→ **EXERCISE PROMPT**
Starting from the line with "Reno De La Navidad" and going up to and including the line with "Hermetic logo", copy the listing below exactly. Leave all images out.

+++ MATERIAL TO PROCESS +++

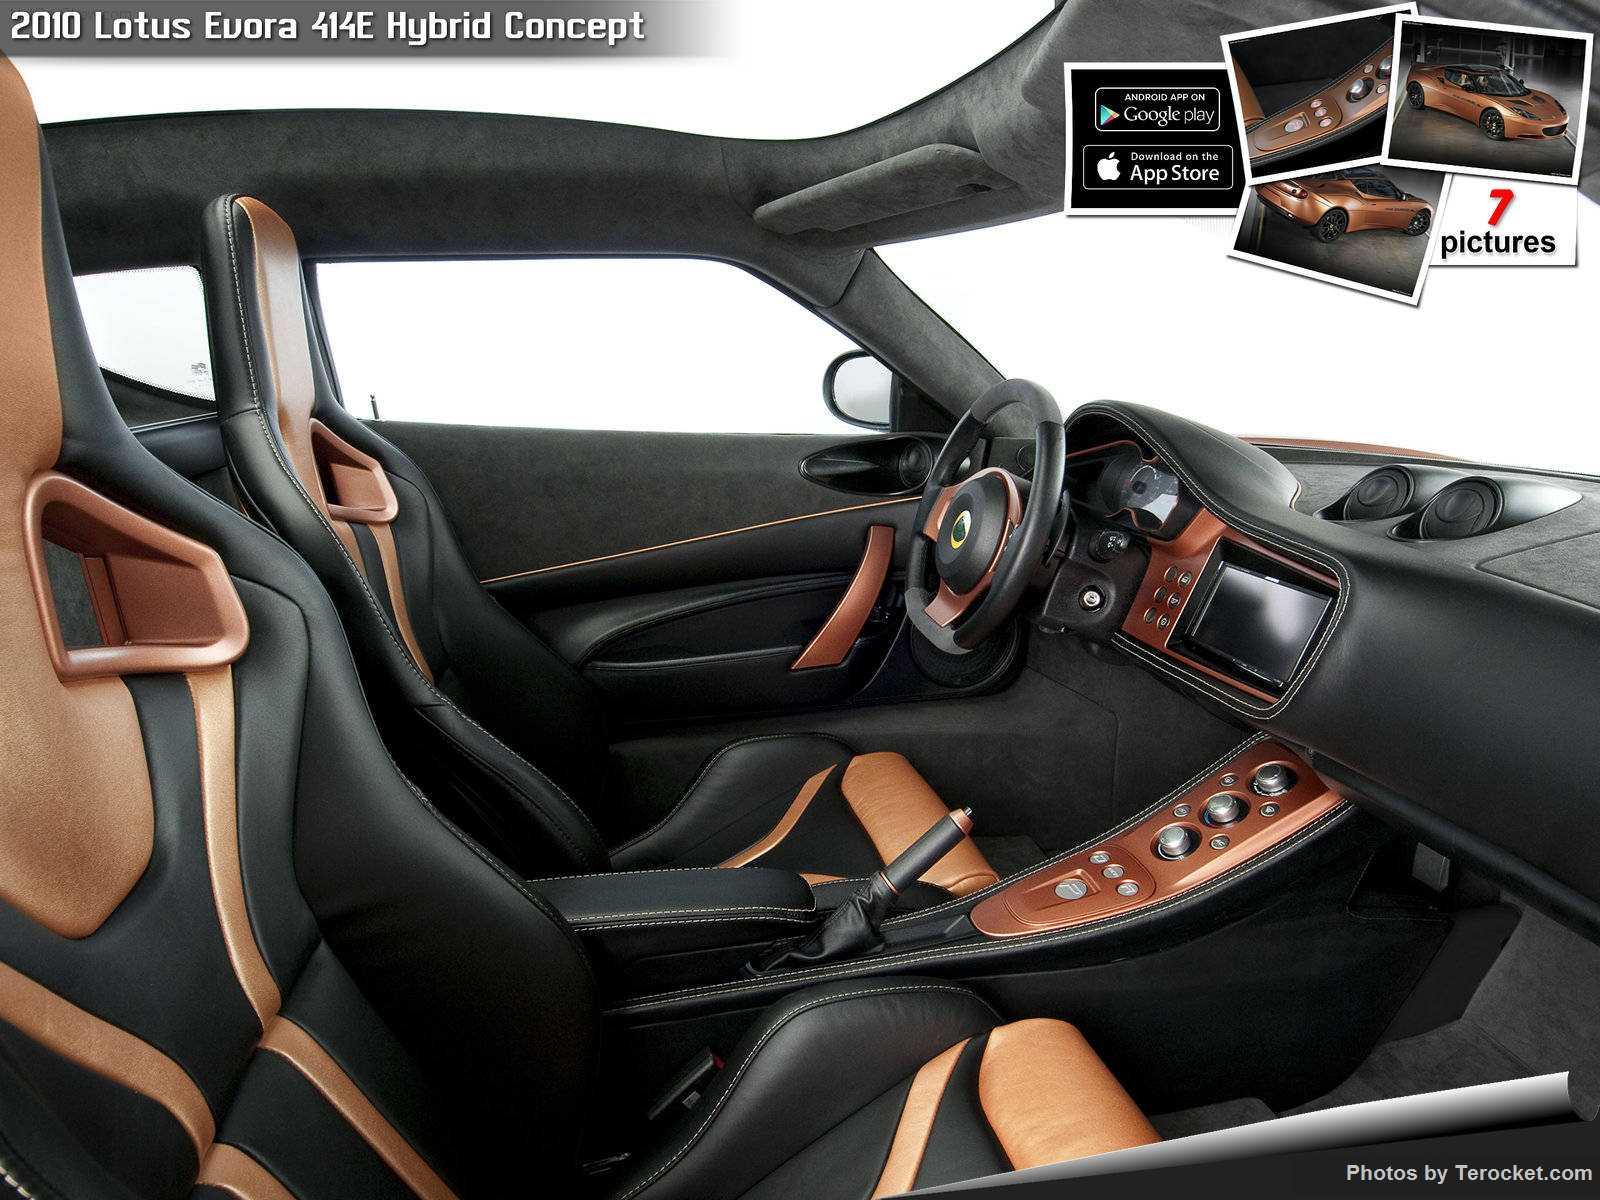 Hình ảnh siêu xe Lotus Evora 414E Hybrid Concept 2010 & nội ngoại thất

+++
+++ MATERIAL TO PROCESS +++

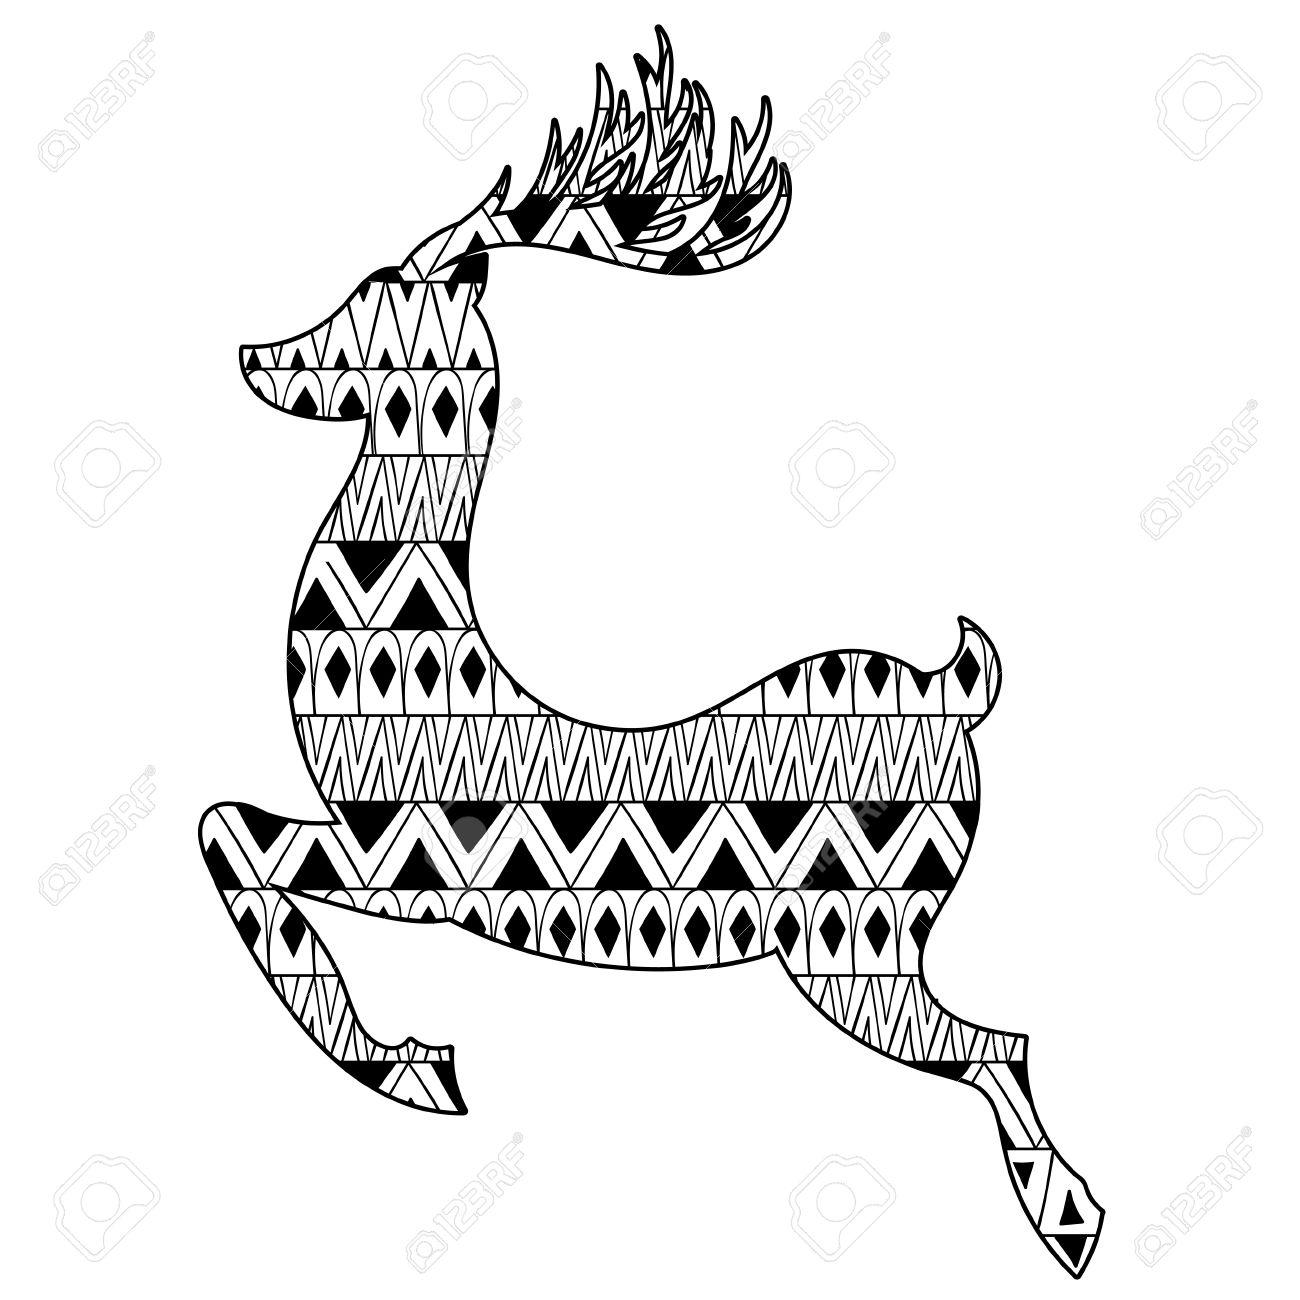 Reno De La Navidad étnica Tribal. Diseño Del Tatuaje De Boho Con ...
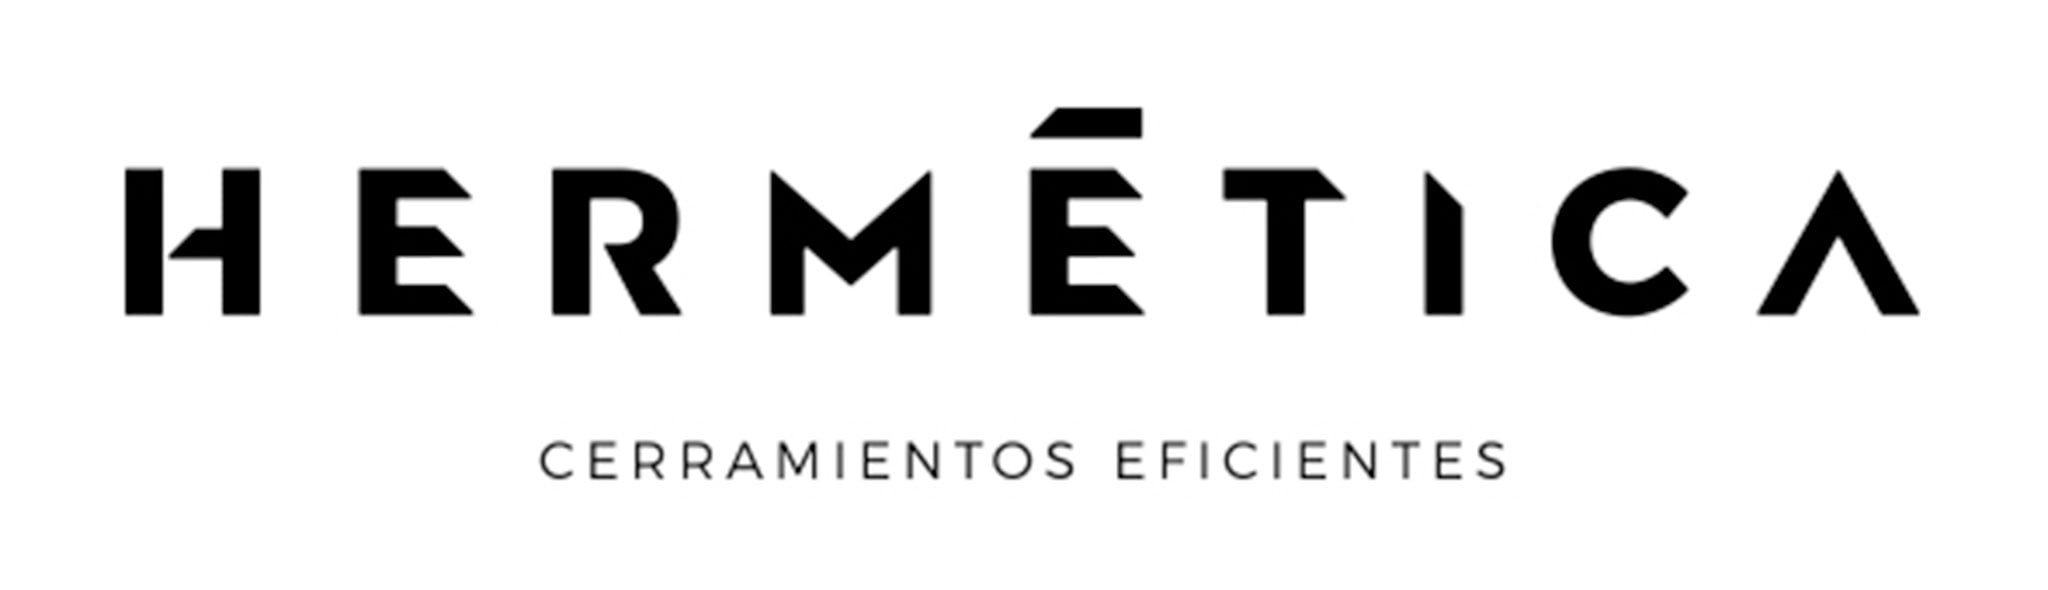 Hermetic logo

+++

→ **THE ANSWER**
 Reno De La Navidad étnica Tribal. Diseño Del Tatuaje De Boho Con ...
 Hermetic logo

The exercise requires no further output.